Lots of content going up this week, starting with the Blast Master himself, KRS-One, crushing a sold out show this past Friday in lil ole’ Portland, Maine.
[Special Note: All credit to rapper/promoter Ben Shorr for the years he’s spent cultivating a hip-hop community in Portland and developing the innovative Hip-Hops concert series — without either of which KRS-One wasn’t likely to make the trek north.]
There was a lot of talent on stage at Hip-Hops 10 leading up to KRS-One’s headline set. New Fame was a revelation; a new discovery for me. Their mix of heavy beats, rapid-fire rhymes, and lead vocalist Adrienne Mack-Davis’s soulful voice when she kicked into a sung lyric line got everybody jumping and moving with them. Fun to watch the crowd inch closer to the stage with every track.

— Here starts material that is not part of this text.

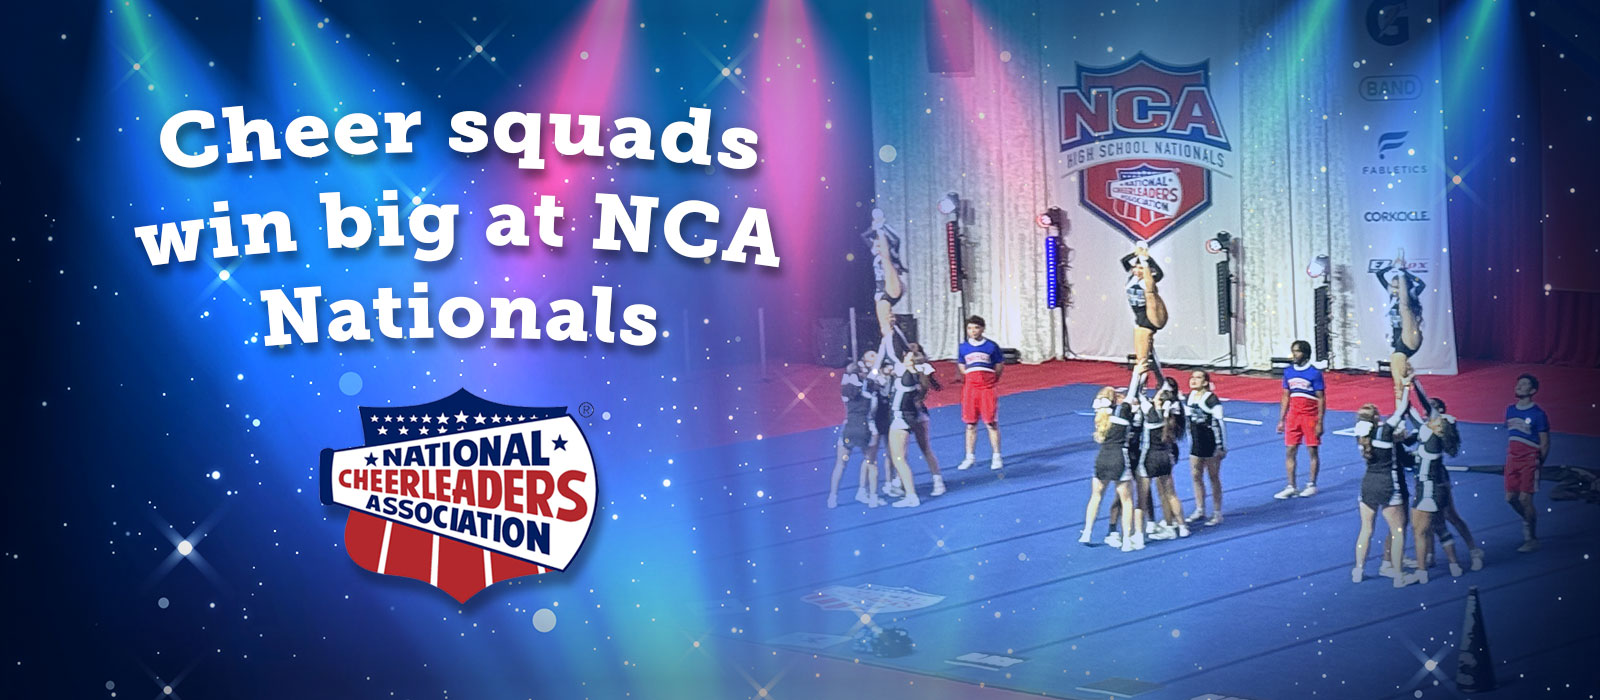 Cheer squads win big at NCA Nationals

And, The Perceptionists brought it. Mr. Lif and Akrobatik have crazy chemistry together — even after 12 years spent doing solo projects in between their last record and their 2017 record Resolution — and, lyrically, they brought straight fire. As the world goes to fucking shit, they go harder and smarter.

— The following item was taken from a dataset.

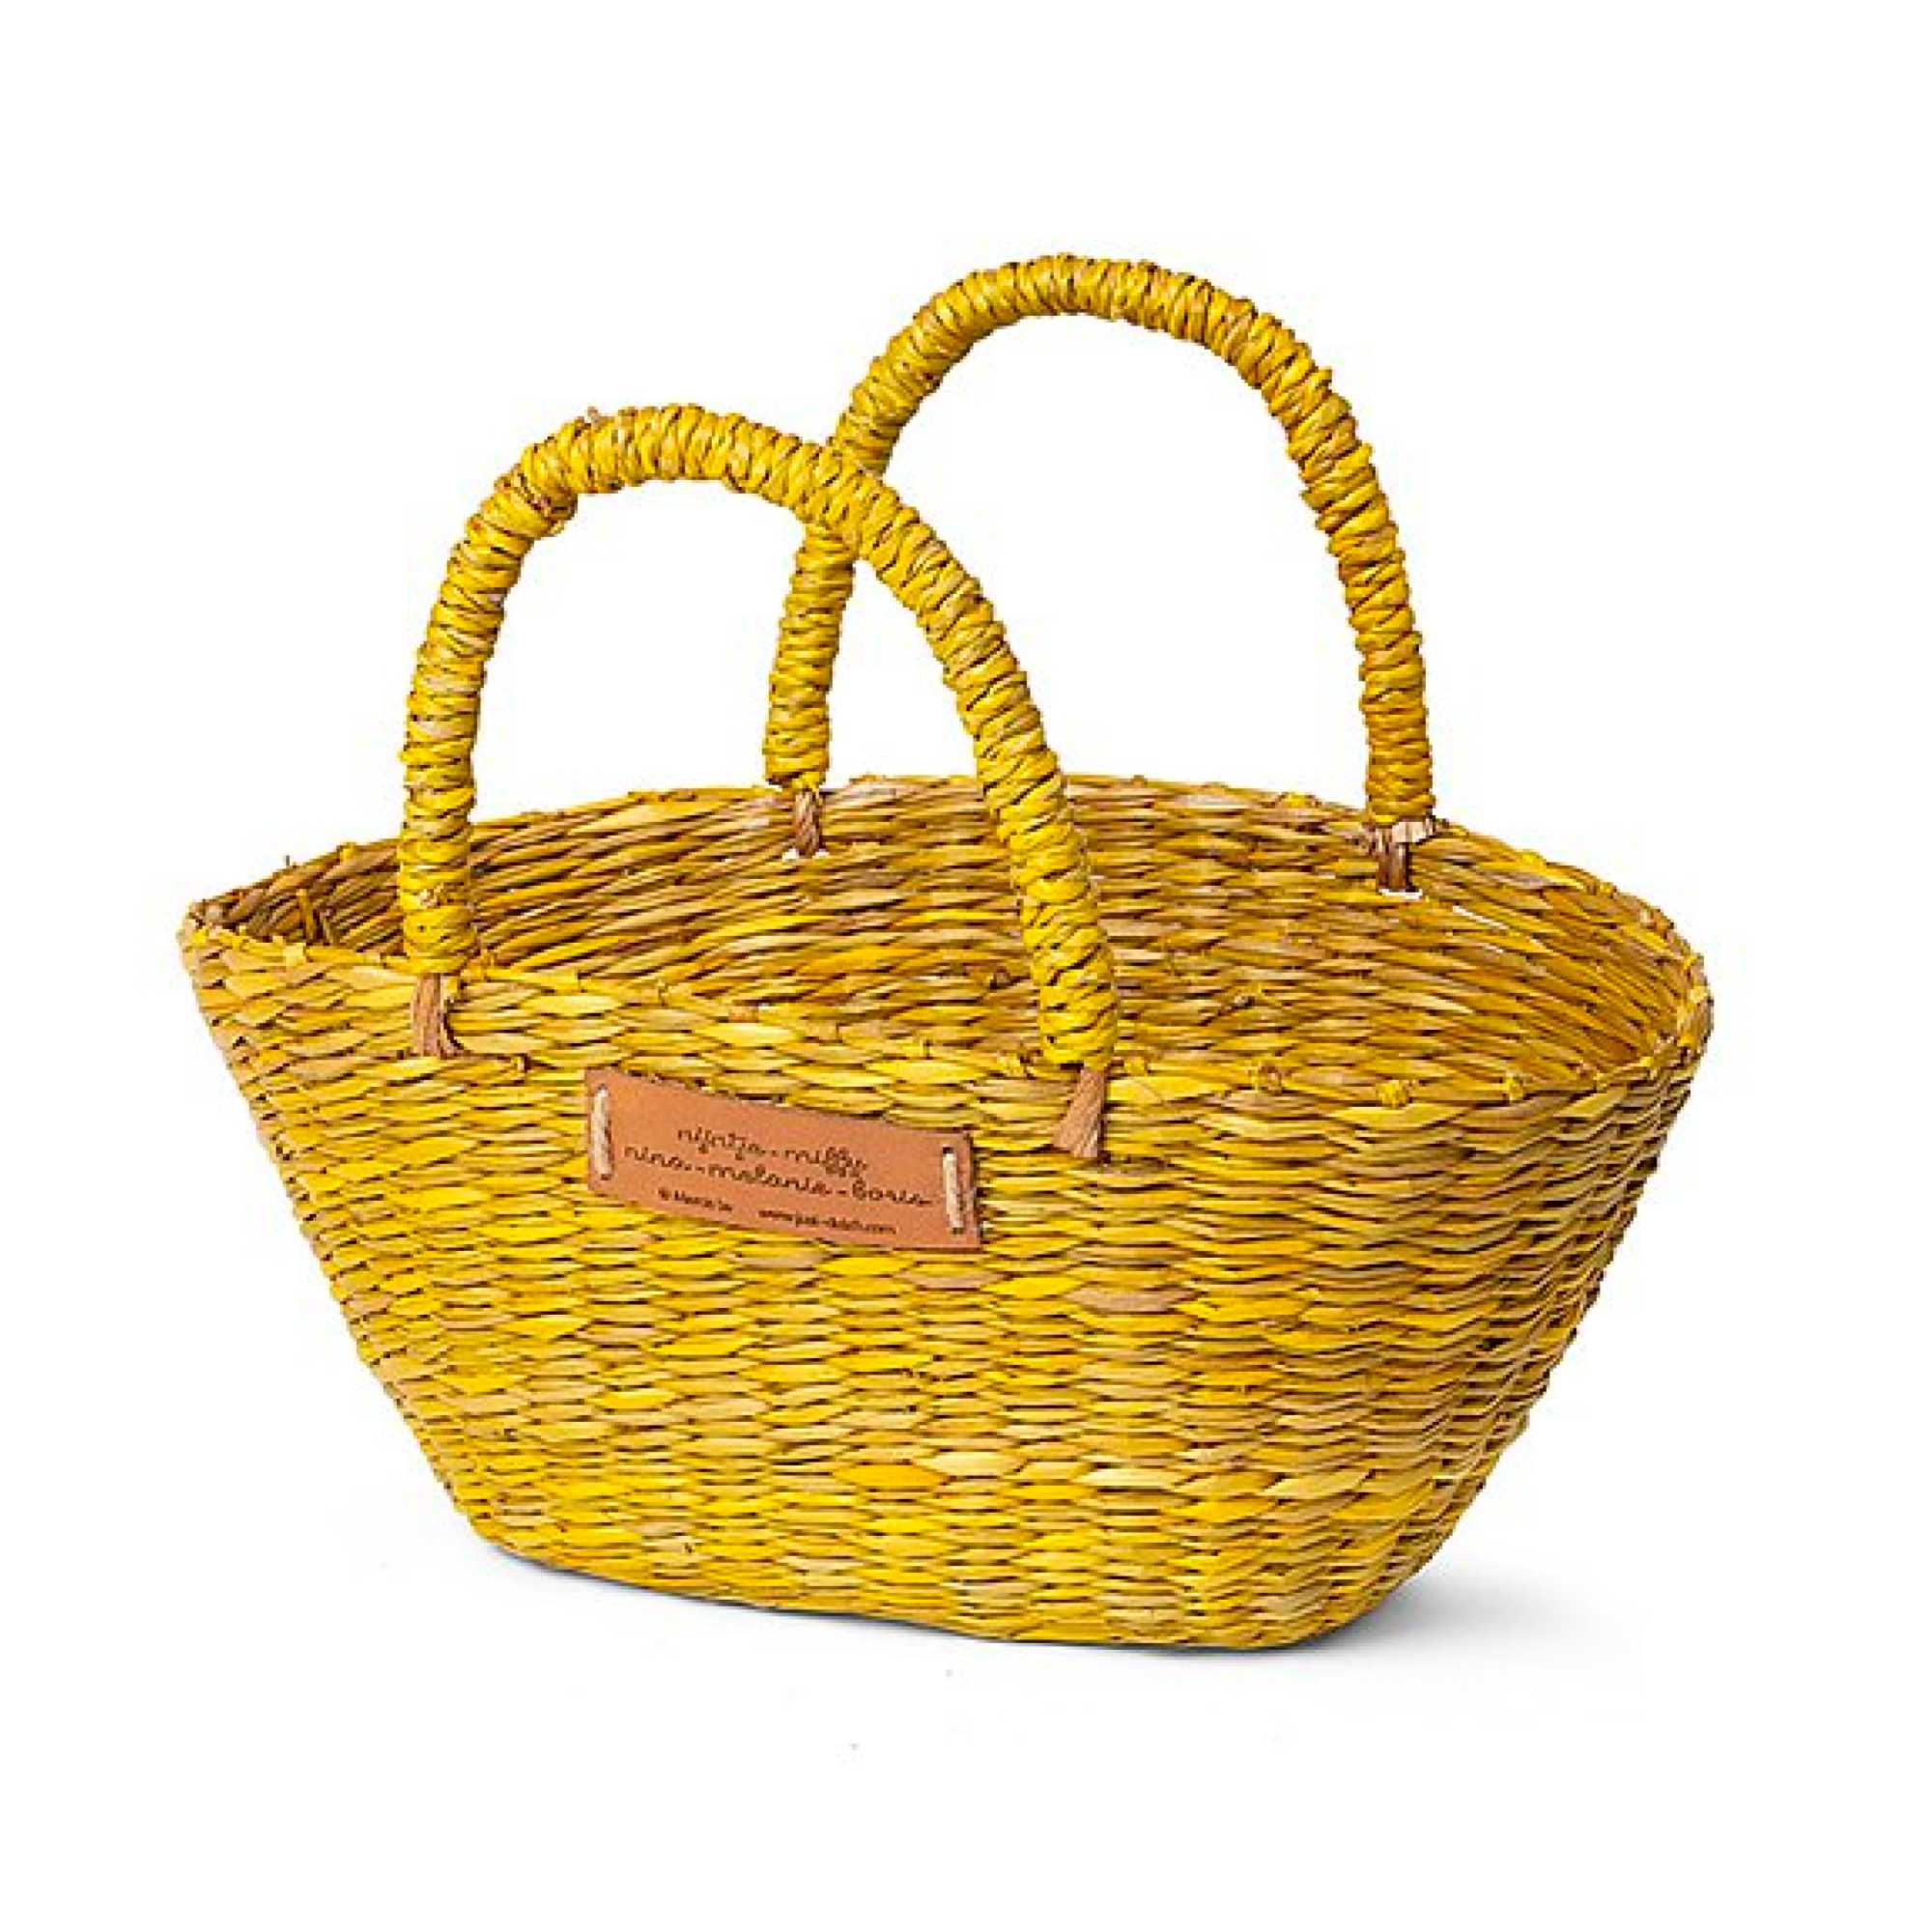 Just Dutch Handmade Basket For Miffy Dolls, Yellow

But, the headliner stepped up and didn’t disappoint. KRS-One has been doing this for almost — *ahem* — 40 years and he came out firing like it was his first show. He pounced on stage, intoned “Strictly classics” into the mic, launched into Step Into a World, and then was off — ripping into beats that sounded both iconic and fresh as the day he first dropped them. He still has that snarling edge, pushing back against fake MCs and “media schemes” and demanding respect owed to an originator who is keeping the flame lit for the origins of hip-hop culture.
A professional at work and a legend still teaching.